A.G. Terekhov 1, 2 , N.N. Abayev 2, 3 , E.I. Lagutin 4 
1 Institute of Information and Computing Technologies MES, Almaty, Kazakhstan
2 RSE Kazhydromet, Almaty, Kazakhstan
3 al-Farabi Kazakh National University, Almaty, Kazakhstan
4 Institute of Water Problems and Ecology, Taras, Kazakhstan
Accepted: 02.12.2019
DOI: 10.21046/2070-7401-2020-17-1-128-138
This research is dedicated to the evaluation of water supply in agricultural areas of the Xinjiang Uyghur Autonomous Region, People’s Republic of China (XUAR PRC) for the last 17 years between 2003 and 2019. In summer there is no natural vegetation in the arid climate in XUAR PRC. Mostly, this territory’s water is supplied by transboundary (Kazakhstan ― China) rivers: Ili and Black Irtysh. Cropping in XUAR PRC is based on irrigated agriculture which is the most significant consumer of river water resources. The NDVI values reflect the agricultural vegetation state that ultimately depends on the moisture regime of the root-inhabited soil layer. Thus, the seasonal NDVI maximum of the agricultural regions is directly related to the share of the cropland and soil moisture regimes. We used the long-term dynamics of the average NDVI values (first 10 days of July) for twelve agricultural zones of the XUAR located on the Dzungar and Kashgar plains and in the Ili River Valley (China’s section). The product e-MODIS NDVI FEWS NET (Early Warning and Environmental Monitoring Program) with ten days renewal and resolution 250 m was used.

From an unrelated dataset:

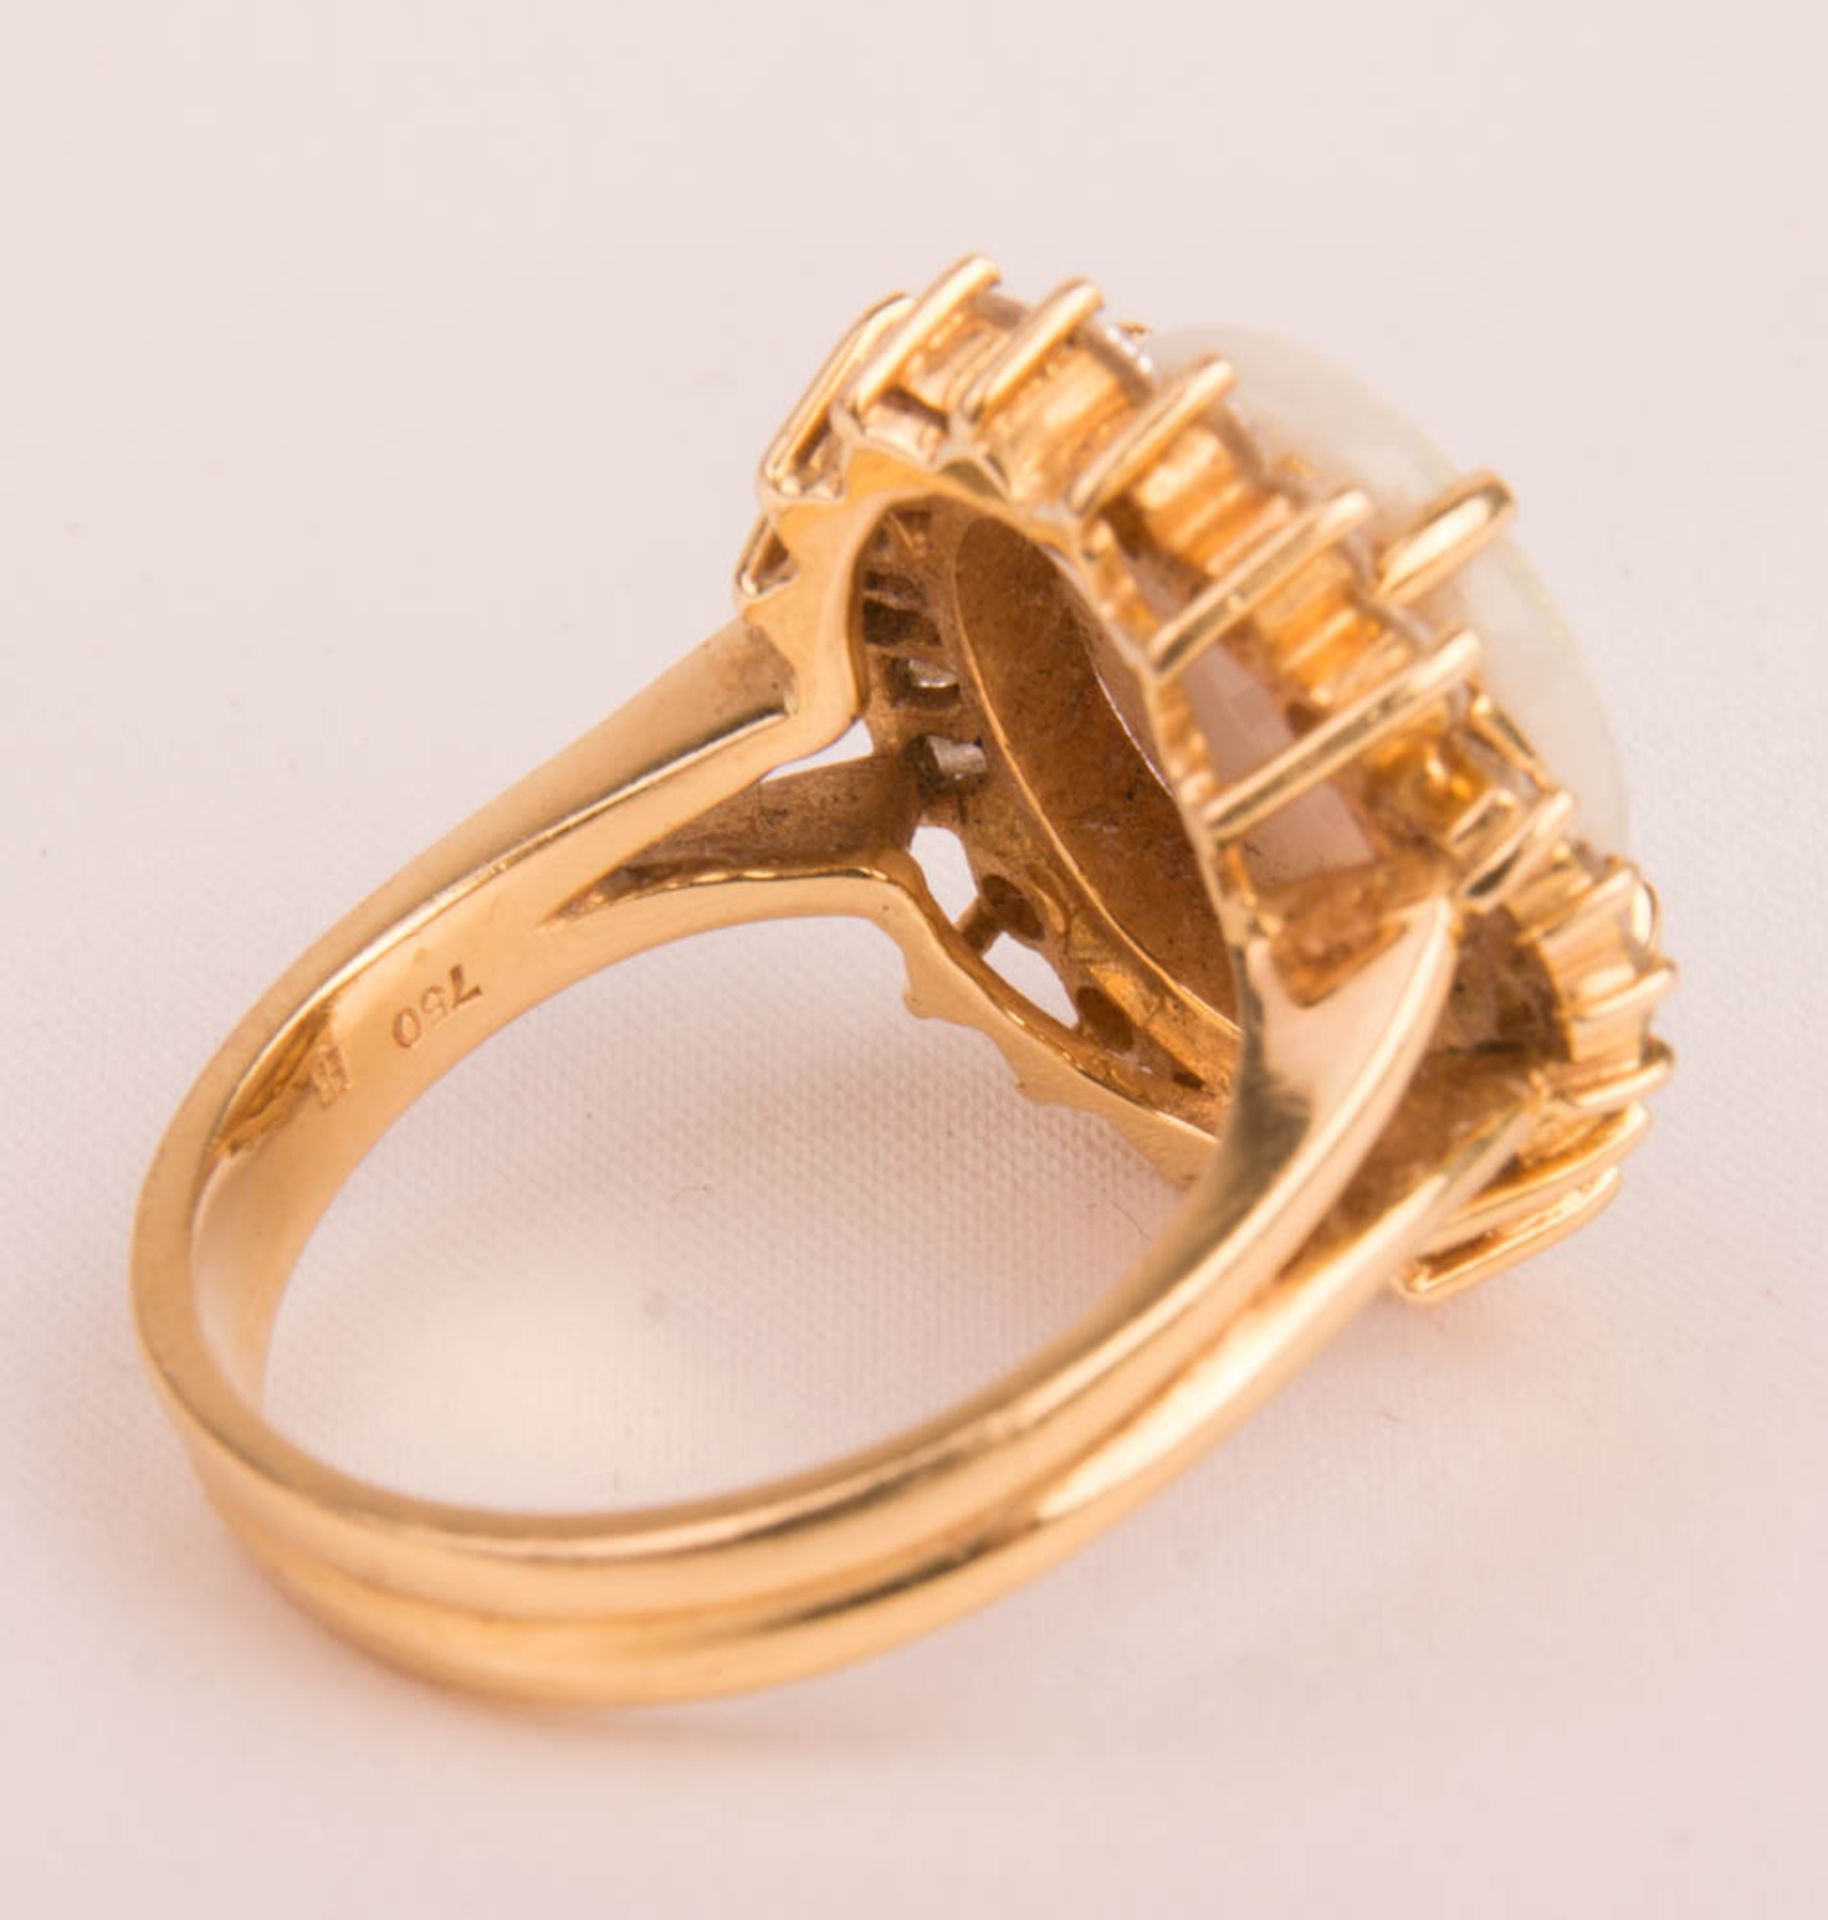 Ring mit Opaldoublette und Diamanten, 750er Gelbgold. - Bild 4 aus 5

It was obtained that during 2003–2019, for the agricultural areas of Dzungar and the Kashgar plains NDVI increased mainly because of cropping expansion. The water-abundant region of River Ili Valley and the basin of the River Khaidyk-Gol demonstrated insignificant NDVI increases because there was no additional land suitable for cropping. The sustainability of water availability in the Dzhungar Plain agricultural region was estimated from NDVI dynamics of mouth zones of rivers Bolo-Tala, Kuitun and Manas. There were no negative NDVI trends which indicates stability in the river outflows from the agricultural zones. Therefore, we can ascertain the sustainability of water supply for the Dzungar Plain cropping and good potential for further development.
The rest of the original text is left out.